フリッツが僕の頬にキスをして上目遣いで僕を見た。
「ごめん…。怖かった?」
「…怖くないけど恥ずかしかったし意味が分からない。」
「…お前がみんなと仲良くしてるのを見て、俺の恋人なのにそう言えなくて、俺の知らない話をして本当に嫌だったんだ。二人きりになった瞬間理性がふっとんでた。」
「…なんで恋人って言わないの?みんな知ってるよ?」
「いや…だって、イーチェンが…。」
「イーチェンは友達だよ?言えばよかったのに。」
「リネア…。
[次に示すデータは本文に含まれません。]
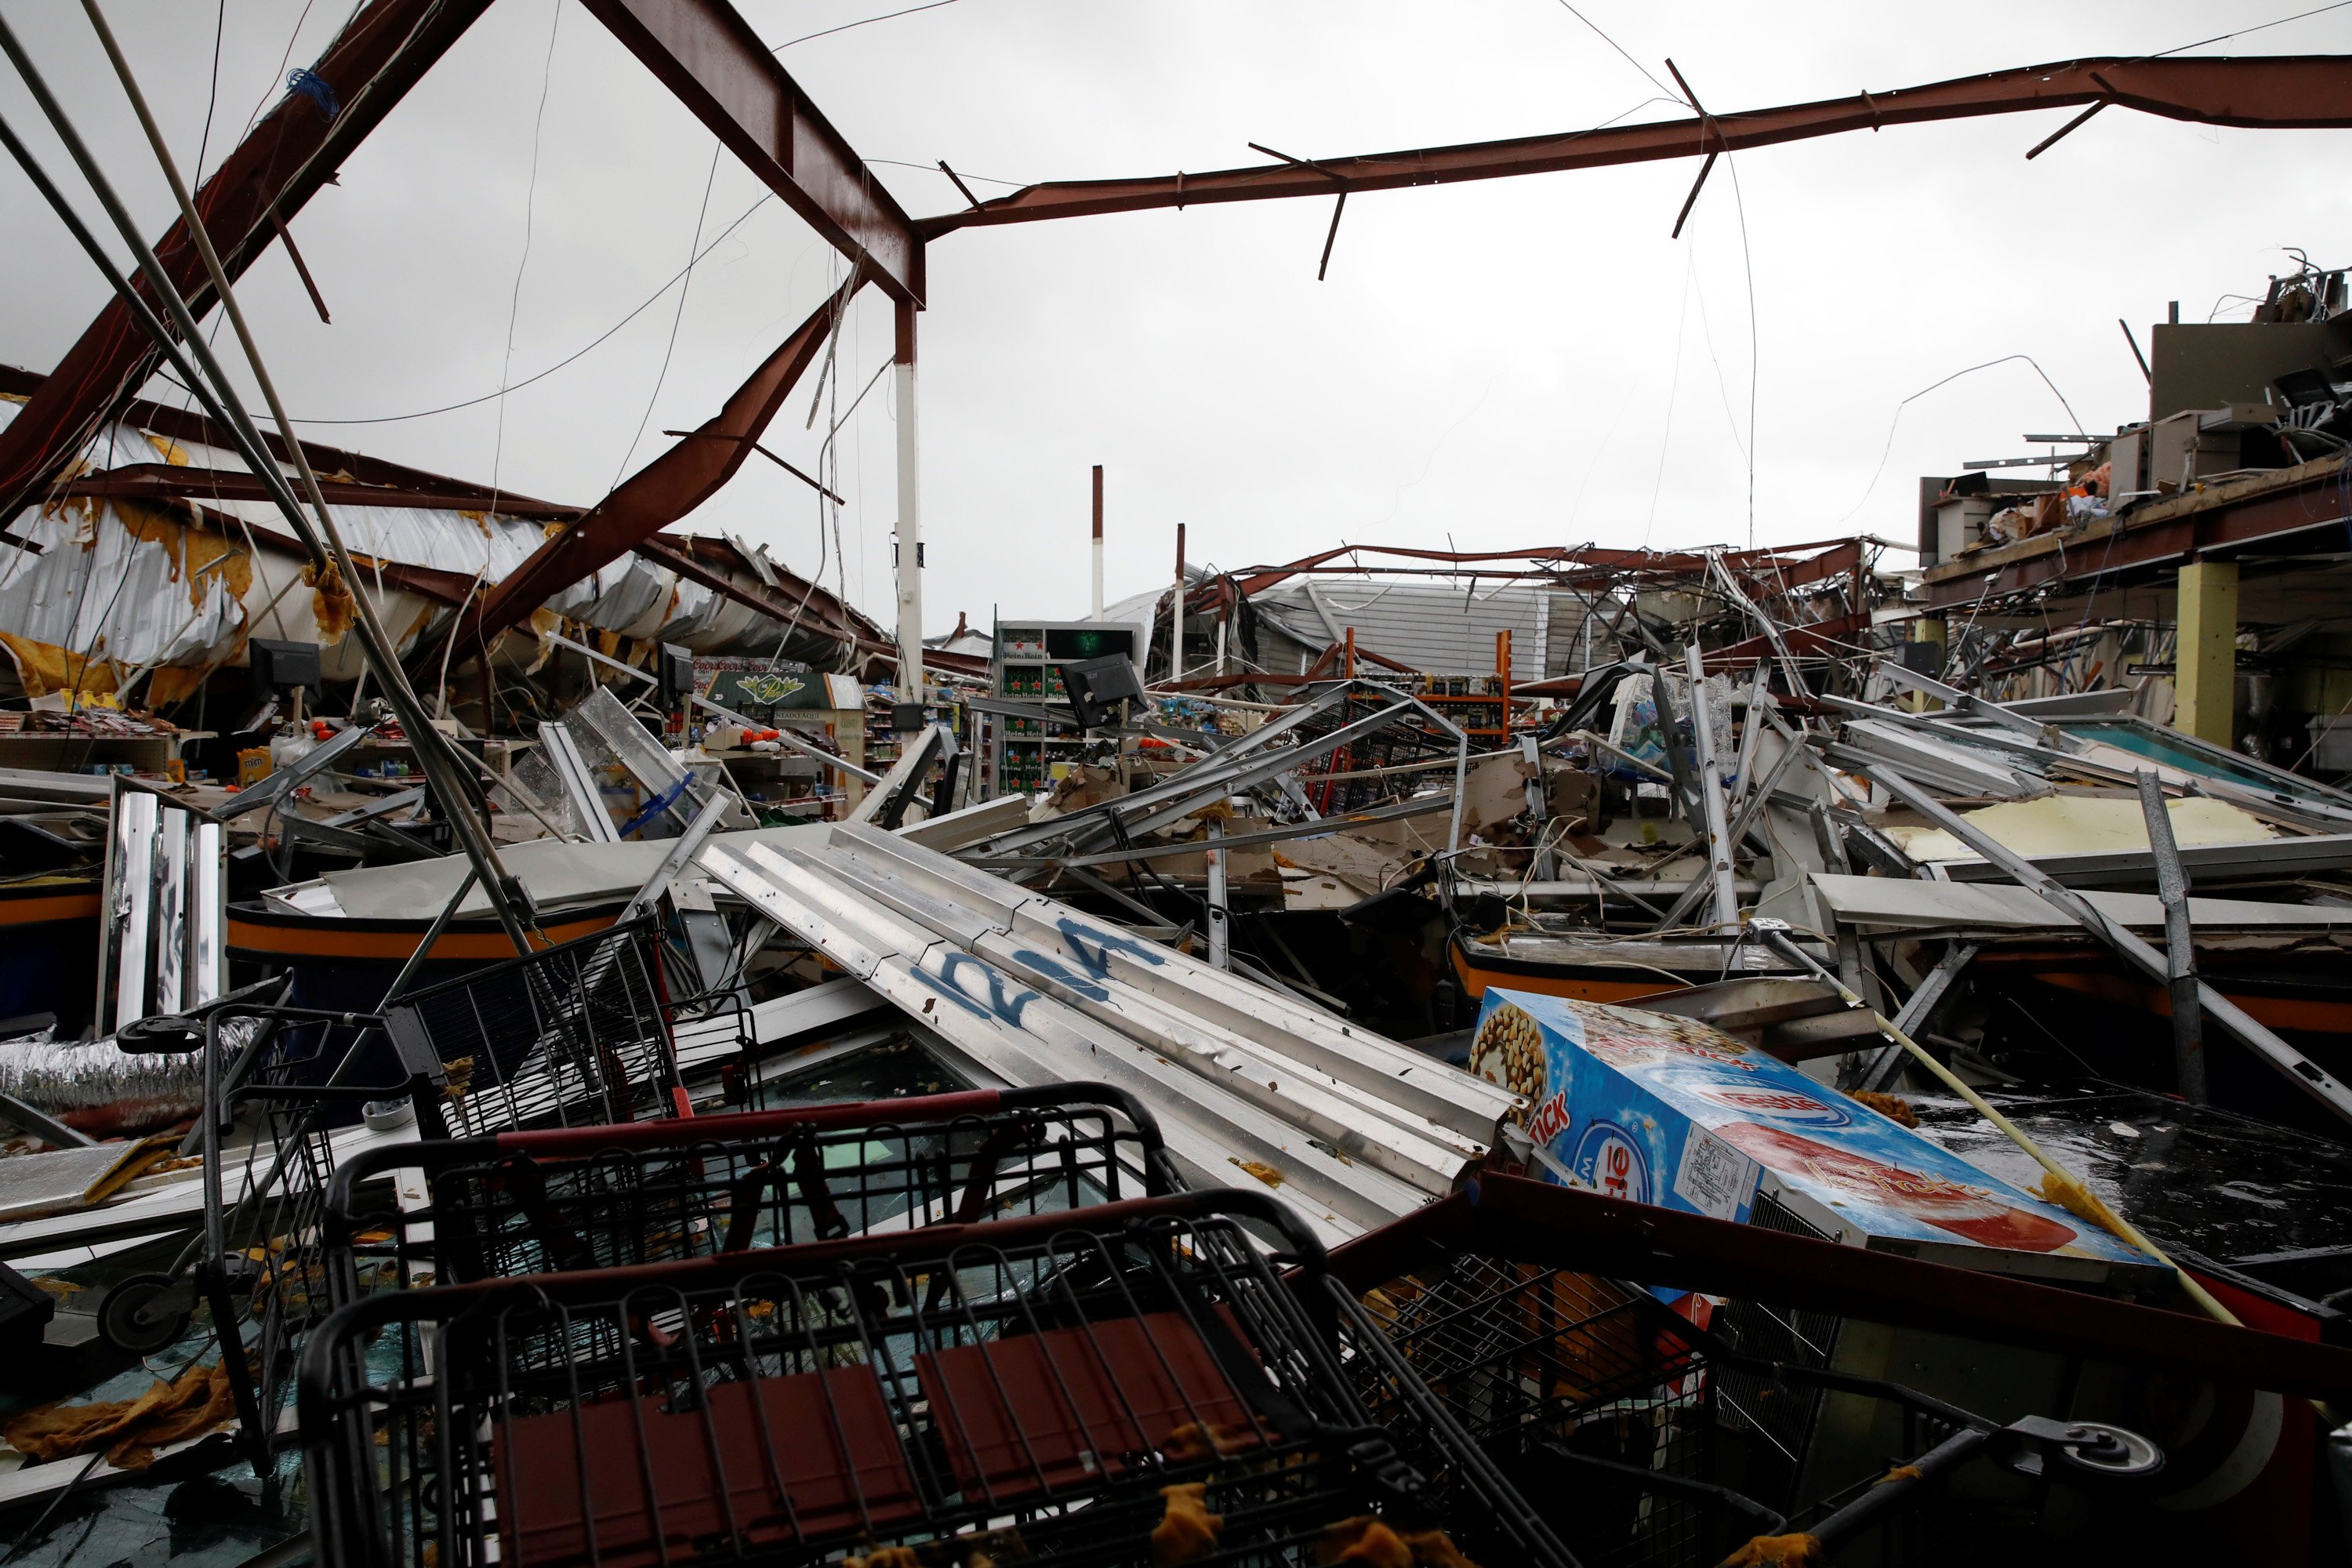 El huracán destruyó un supermercado en Guayama, Puerto Rico. (REUTERS/Carlos Garcia Rawlins)

」
「何…?」
「…いや、姉上に会いに行くか。」
「うん。」
ヴィッキーの部屋のベルを何度か鳴らしたけど彼女は不在のようだった。
「出かけたのかもしれない。ゲオルグに聞いてみよう。」
フリッツは少し離れたゲオルグさんの部屋のベルを鳴らした。
「…いないのか?」
「二人で出かけたとか?」
「…かもしれないが…。」
フリッツはベルを連打した。かなりしつこい。
「ちょっとフリッツ…やめなよ、いないよ。」
「…殿下。」
髪がセットされていない部屋着姿のゲオルグさんが出てきた。新鮮だ…。
「お前…。俺は祝福すべきなのか?」
「そう思われるのでしたらそっとしておいて欲しかったです。」
ゲオルグさんの顔が赤い。
今度は部屋の中からバスローブを羽織ったヴィッキーがでてくる。
えっ…?!
「ヴィッキー…。」
「久しぶりね、リネア。」
ヴィッキーが僕を抱き締める。
胸の谷間が見える。下着…つけていないのか。
「あのさ…二人はその…。」
「それを聞くのは野暮だぞリネア。」
「フリッツ、あんたがそれを言う?!」
「…まぁ、ここは外国だ。たまには羽目を外してもよかろう。」
「フリッツは外しすぎだよ!聞いてよヴィッキー、この人馬車で…」
フリッツが僕の口を塞ぐ。
「…とりあえず中へ入ろうか。」
フリッツは笑顔で僕の頬をつねった。